Instructions to leader.
Exploration Committee, Royal Society of Victoria, Melbourne, 18th August, 1860.
Sir,
I am directed by the Committee to convey to you the instructions and views which have been adopted in connection with the duties which devolve upon you as Leader of the party now organized to explore the interior of Australia.
The Committee having decided on Cooper’s Creek, of Sturt’s, as the basis of your operations, request that you will proceed thither, form a depot of provisions and stores, and make arrangements for keeping open a communication in your rear to the Darling, if in your opinion advisable; and thence to Melbourne, so that you may be enabled to keep the Committee informed of your movements, and receive in return the assistance in stores and advice of which you may stand in need. Should you find that a better communication can be made by way of the South Australian Police Station, near Mount Serle, you will avail yourself of that means of writing to the Committee.

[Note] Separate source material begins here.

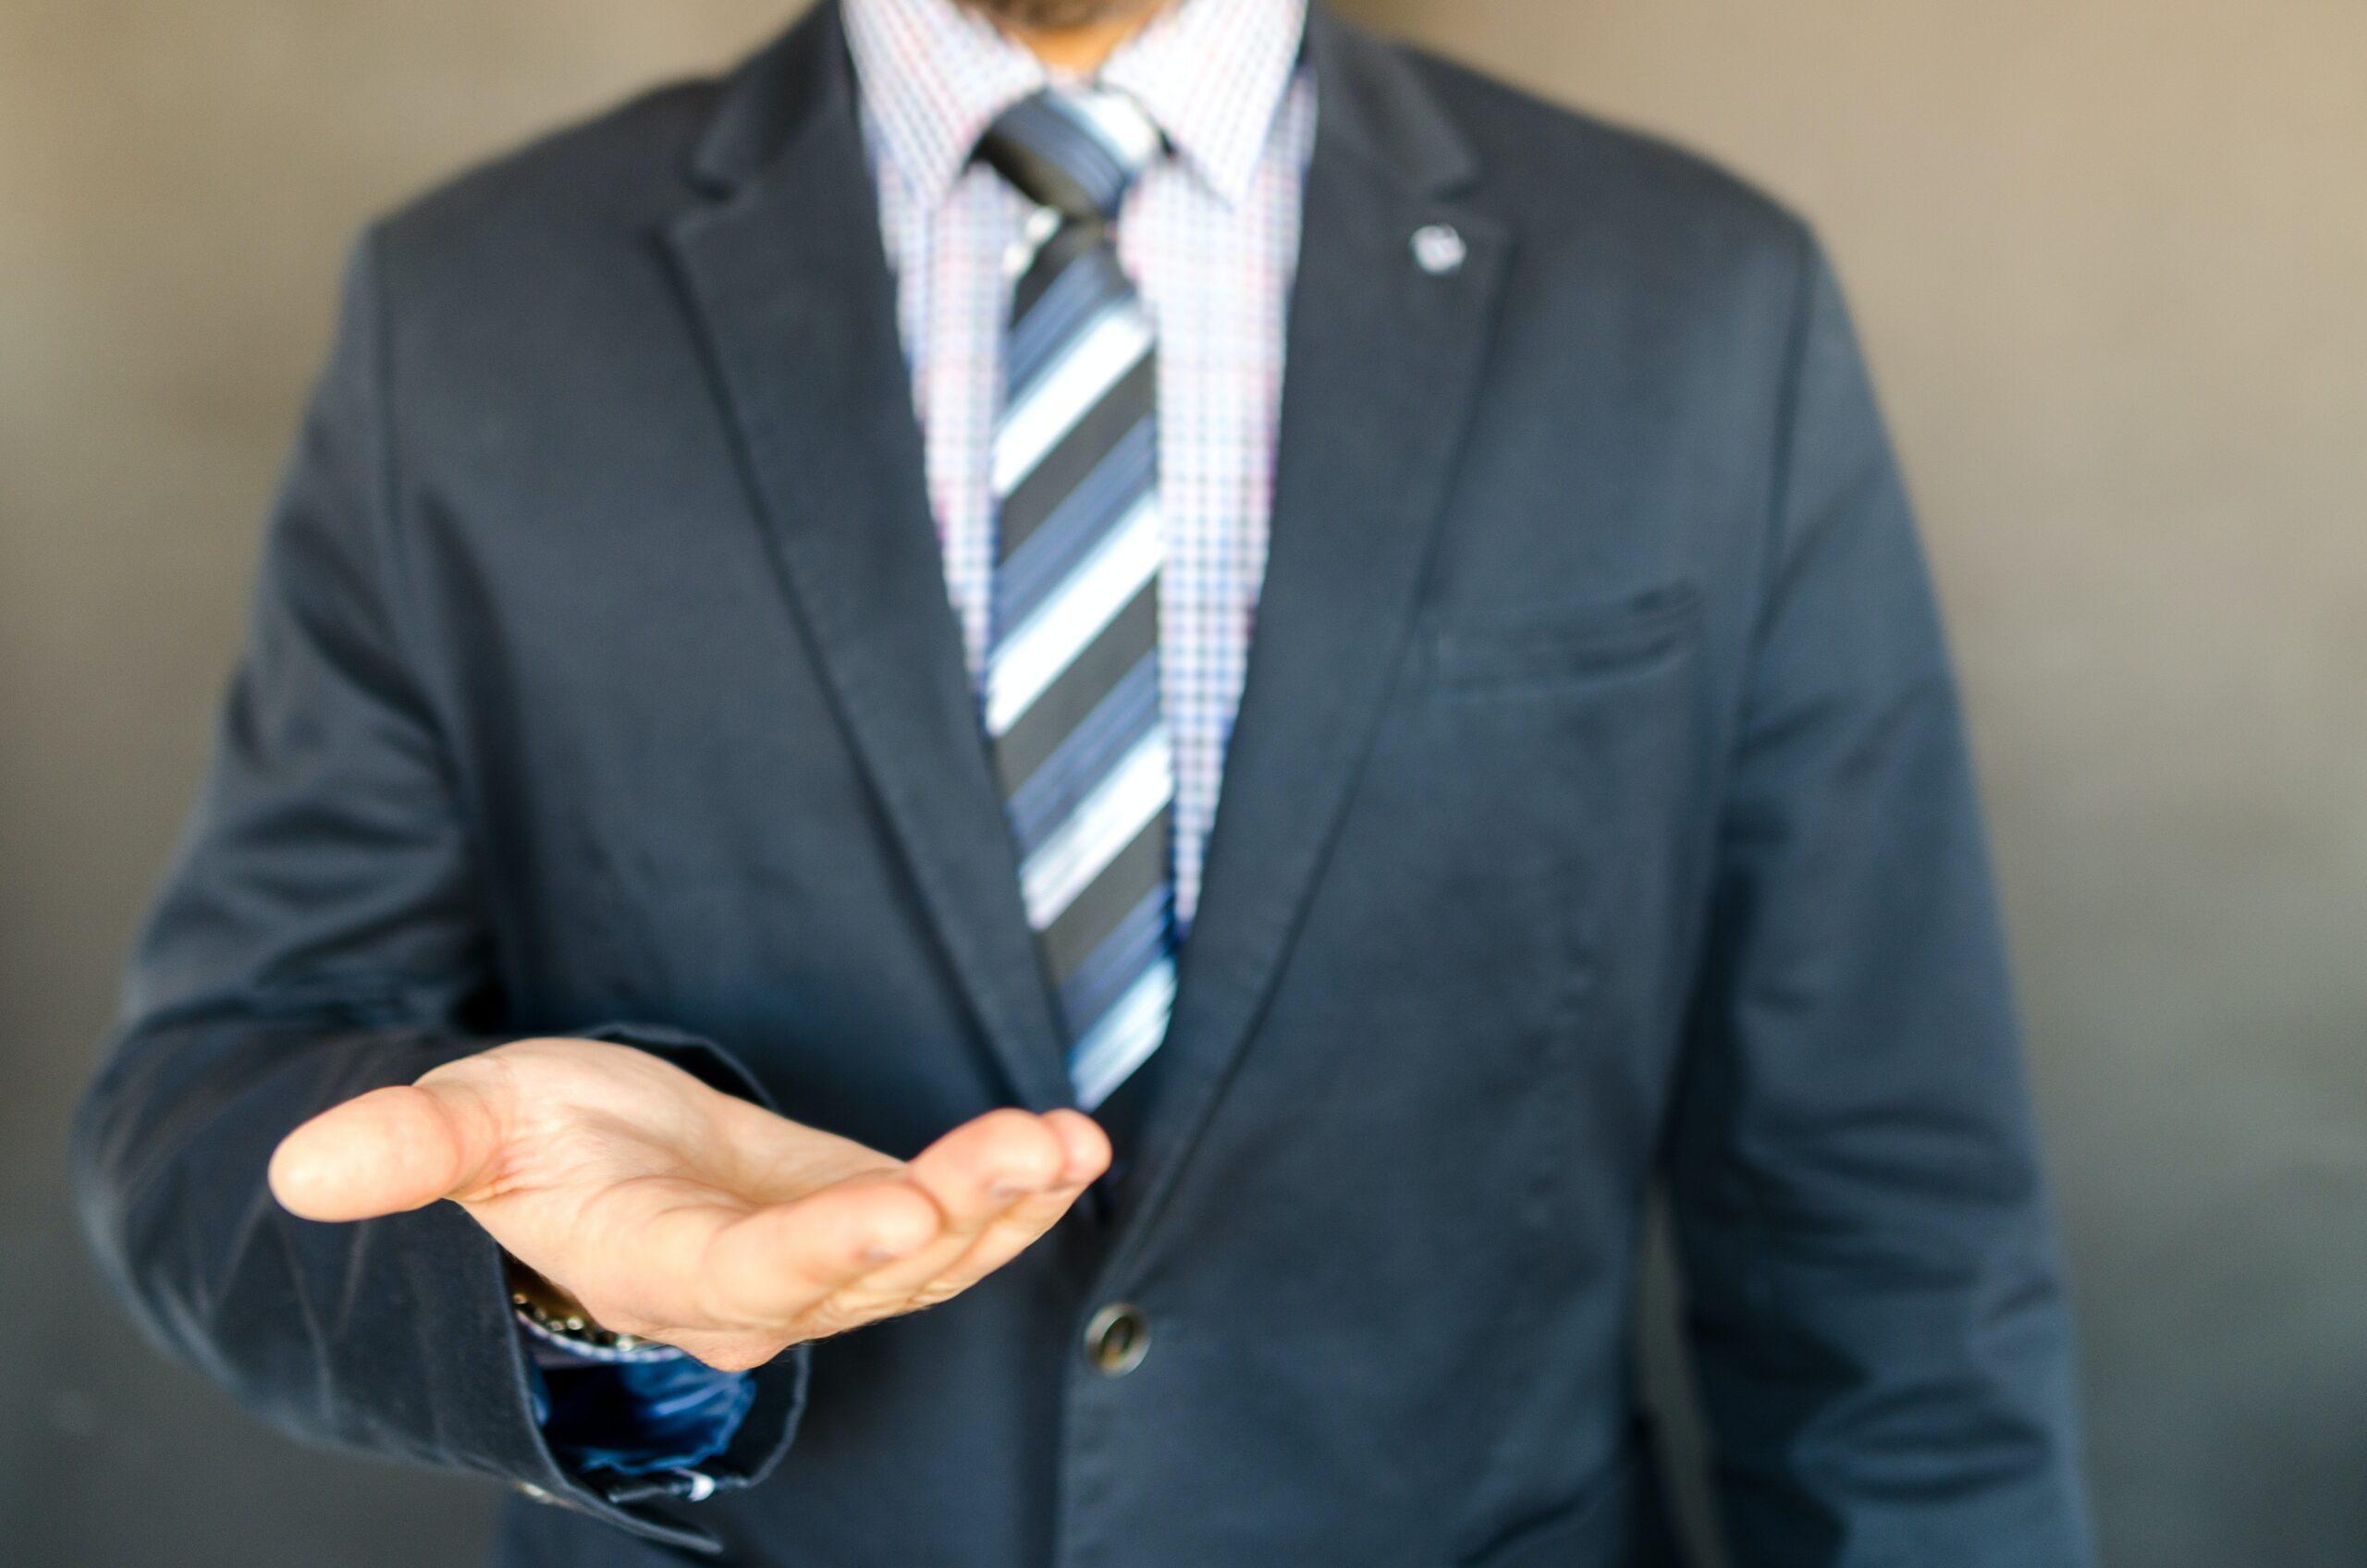 公務員が副業をしてはいけない理由と本業以外に収入を得る方法

In your route to Cooper’s Creek, you will avail yourself of any opportunity that may present itself for examining and reporting on the character of the country east and west of the Darling.
You will make arrangements for carrying the stores to a point opposite Mount McPherson, which seems to the Committee to be the best point of departure from this river for Cooper’s Creek; and while the main body of the party is proceeding to that point you may have further opportunities of examining the country on either side of your route.

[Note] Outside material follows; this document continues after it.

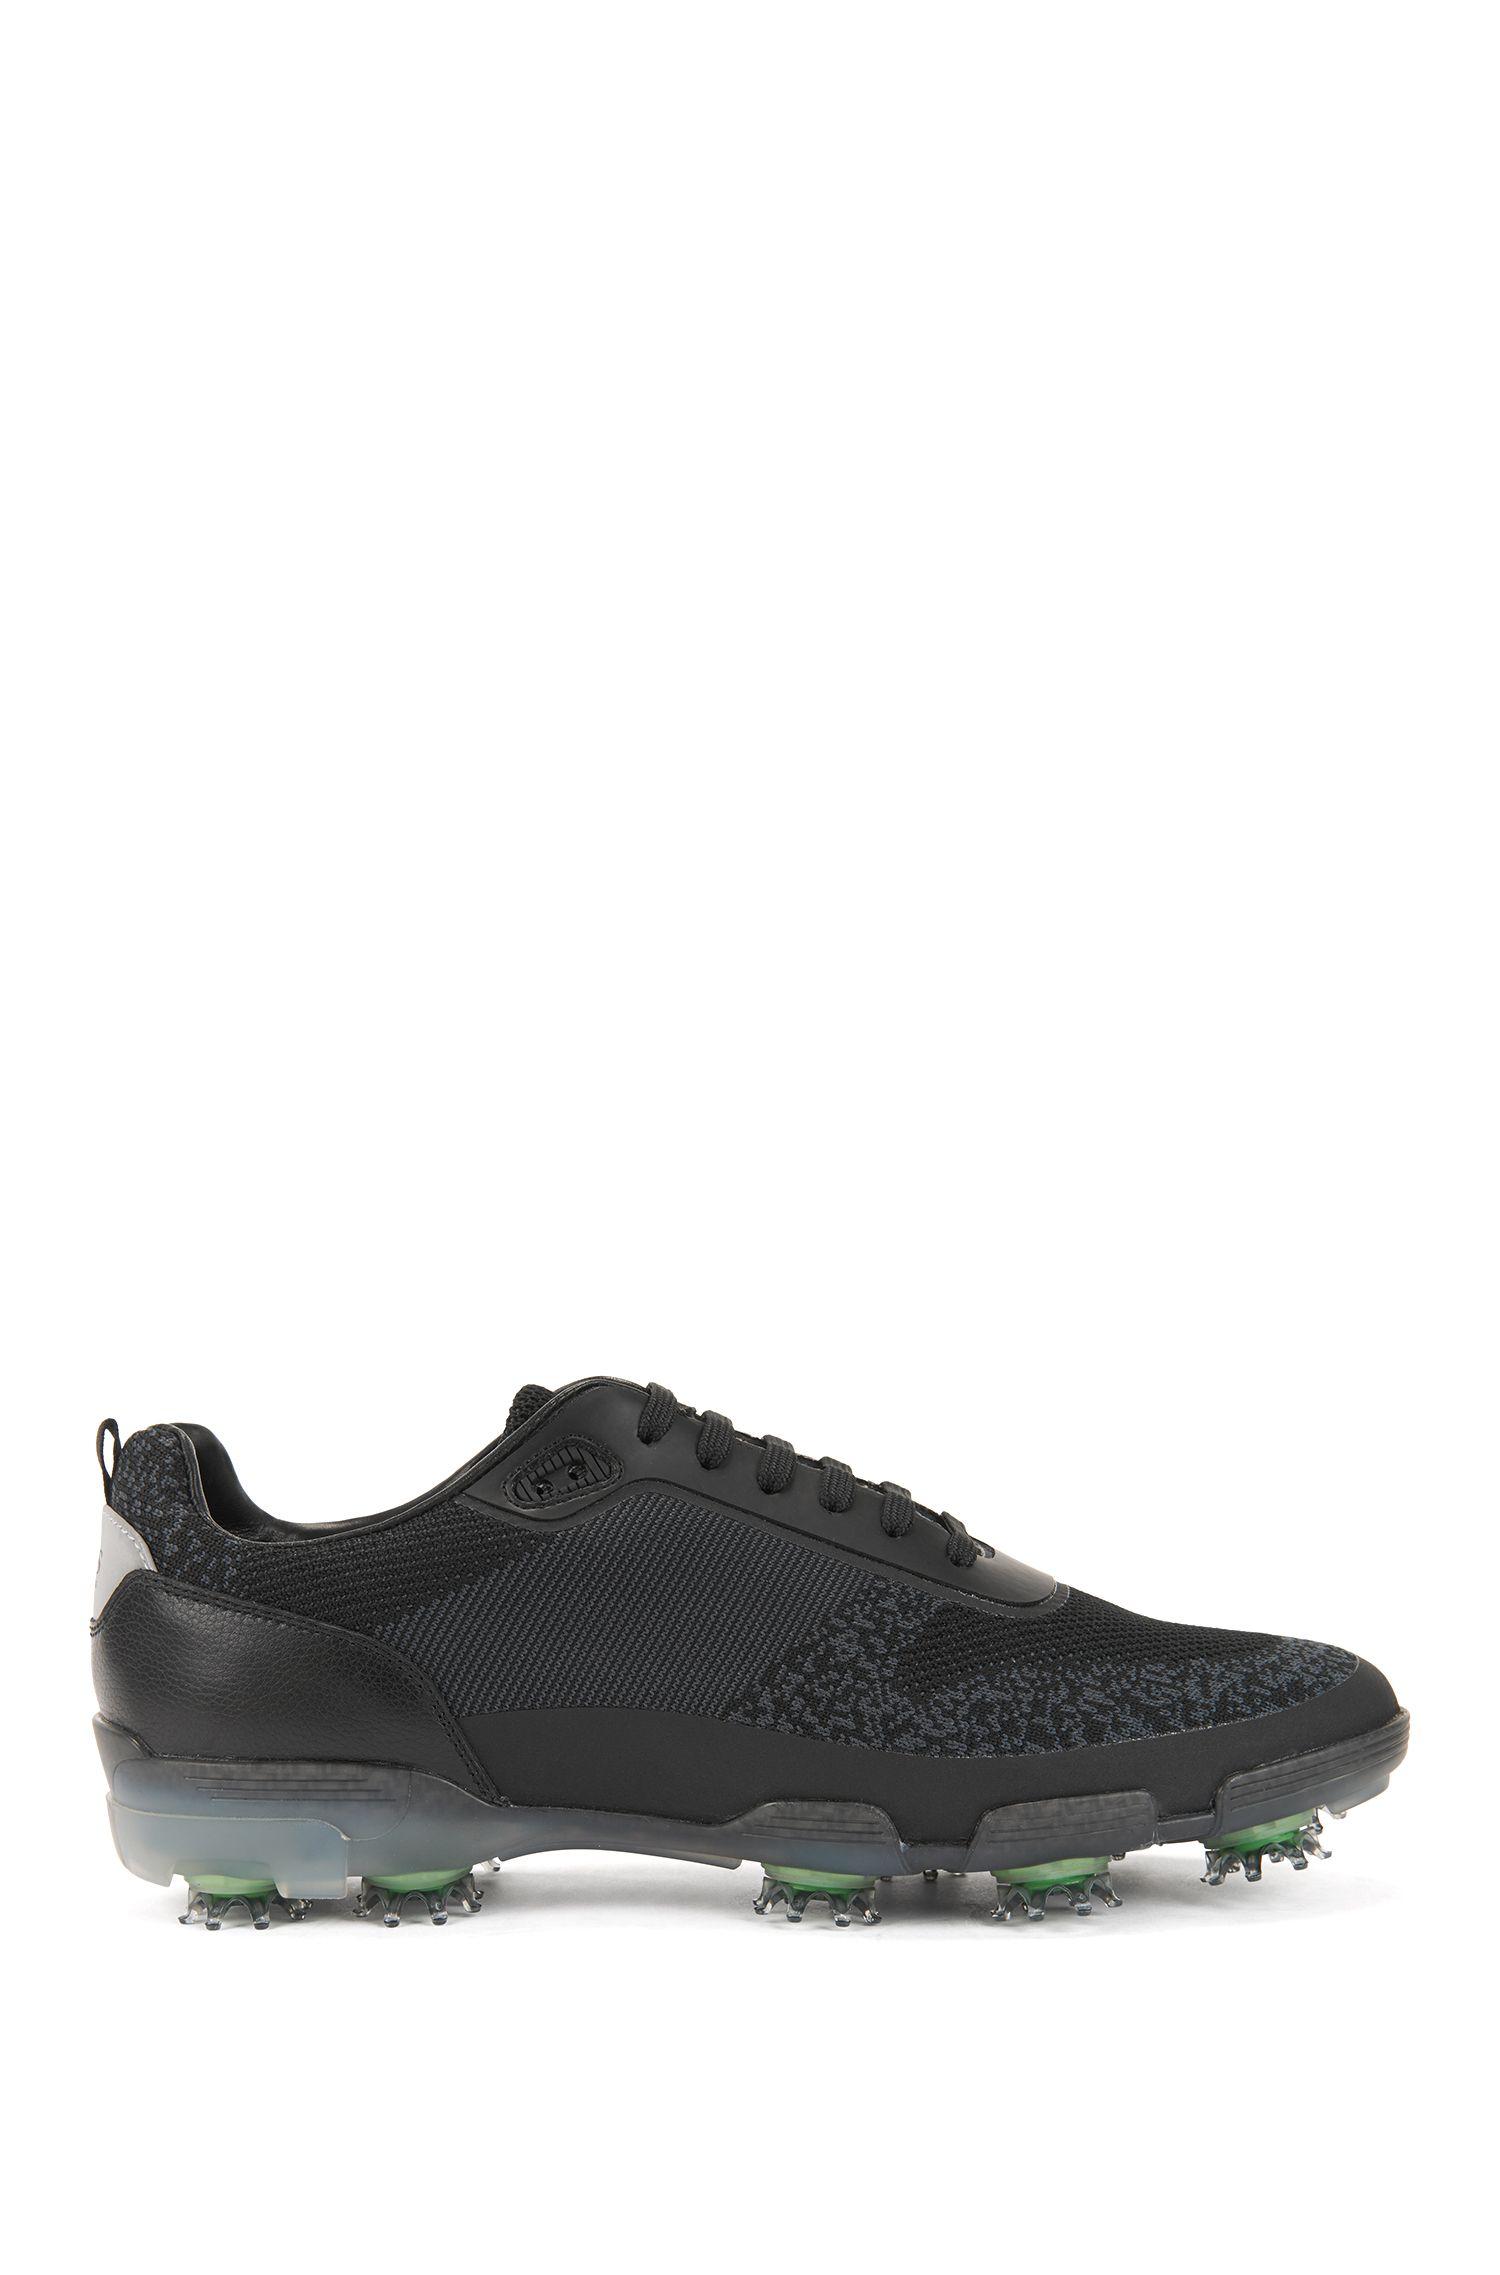 Scarpe da golf leggere in tessuto jacquard resistente all'acqua

In your further progress from Mount McPherson towards Cooper’s Creek, the Committee also desires that you should make further detours to the right and left with the same object.

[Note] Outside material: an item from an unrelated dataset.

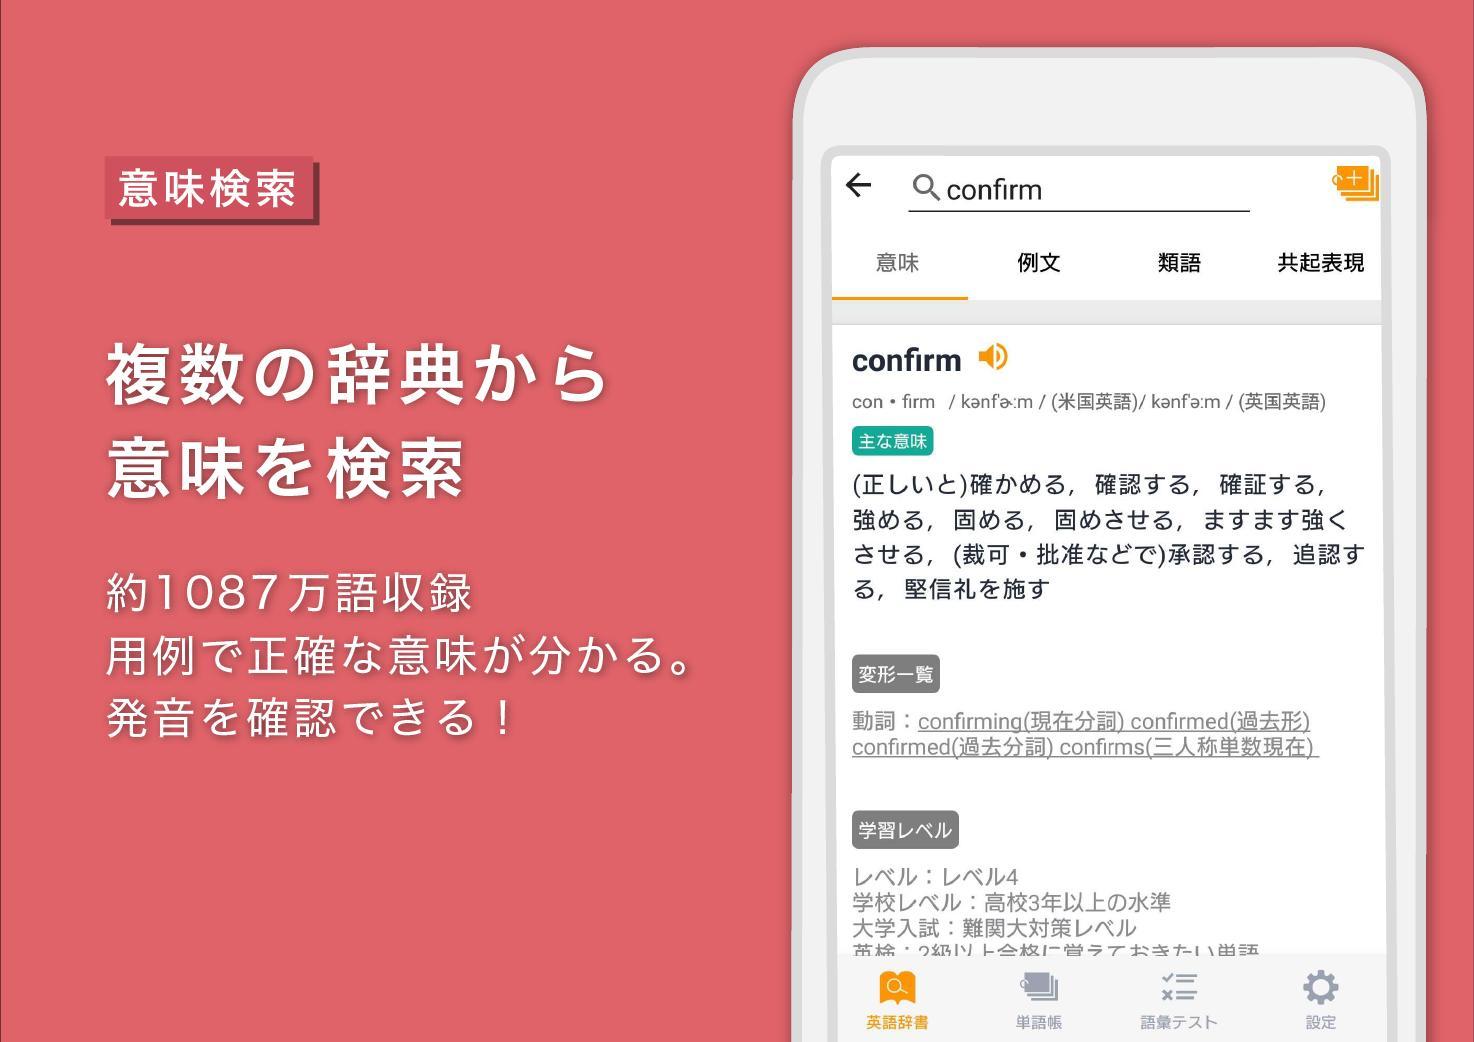 アプリ 英訳

The object of the Committee in directing you to Cooper’s Creek, is, that you should explore the country intervening between it and Leichhardt’s track, south of the Gulf of Carpentaria, avoiding, as far as practicable, Sturt’s route on the west, and Gregory’s, down the Victoria, on the east.
To this object the Committee wishes you to devote your energies in the first instance; but should you determine the impracticability of this route you are desired to turn westward into the country recently discovered by Stuart, and connect his farthest point northward with Gregory’s farthest Southern Exploration in 1856 (Mount Wilson).
In proceeding from Cooper’s Creek to Stuart’s Country, you may find the Salt Marshes an obstacle to the progress of the camels; if so, it is supposed you will be able to avoid these marshes by turning to the northward as far as Eyre’s Creek, where there is permanent water, and going then westward to Stuart’s Farthest.
Should you, however, fail in connecting the two points of Stuart’s and Gregory’s Farthest, or should you ascertain that this space has been already traversed, you are requested if possible to connect your explorations with those of the younger Gregory, in the vicinity of Mount Gould, and thence you might proceed to Sharks’ Bay, or down the River Murchison, to the settlements in Western Australia.